Consider figures like John Fetterman, who ran as a progressive champion of labor and healthcare but has steadily shifted toward the center and further once in office. During his campaign, the policies he championed acted as moral insurance. That he was here to do the right thing. When news of his armed racial profiling incident emerged, the Left was quick to forgive, emphasizing that his progressive policies outweighed a single misstep. That he had grown. This trend is common in the broader culture of progressive institutions. Assumed political allies are excused for missteps, provided they maintain loyalty. In the case of Fetterman, loyalty was not maintained, and he has now been criticized by the same people who begged others to forgive him. This should be the fear with Platner. Are his words just there to mask his true ideas? Has he realized the power of progressives and co-opted the movement?

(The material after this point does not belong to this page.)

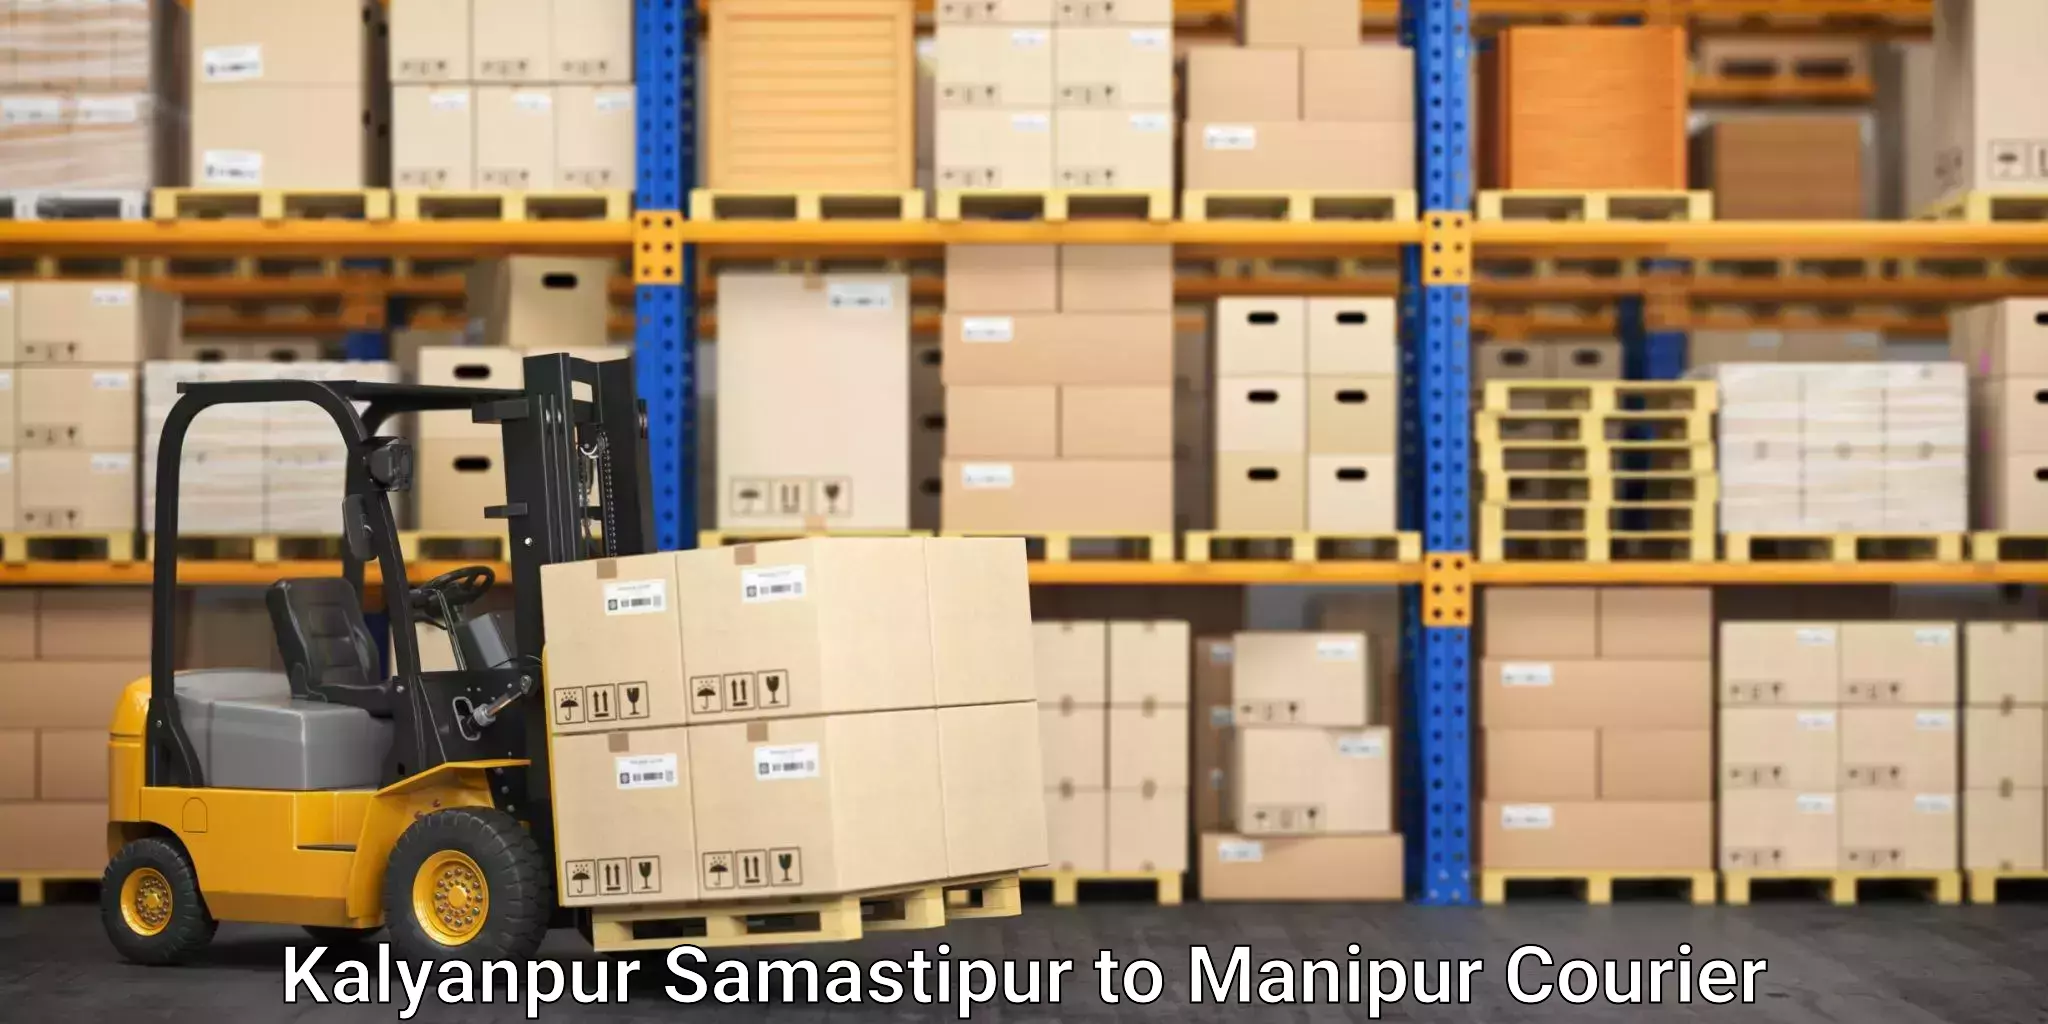 Reliable furniture transport in Kalyanpur Samastipur to Moirang

Of course, the concern with Platner is that he is astroturfing. Co-opting progressive rhetoric because it’s what works right now. A veteran of questionable wars, a man with a Totenkopf tattoo, suddenly packaged as the progressive everyman. Why is that so easy to accept? Part of it seems to be desperation, with the current administration, all hope seems to be lost on the progressive side. We need a victor, and for a while, Platner seemed to be the guy. But it’s important not to get caught up in hopes and possibilities. The danger here is normalizing a system where alignment with progressive values is enough to erase or neutralize serious ethical questions. In the end, the question is not whether Platner deserves forgiveness. It is whether a political culture that allows moral performance to substitute for moral action should survive.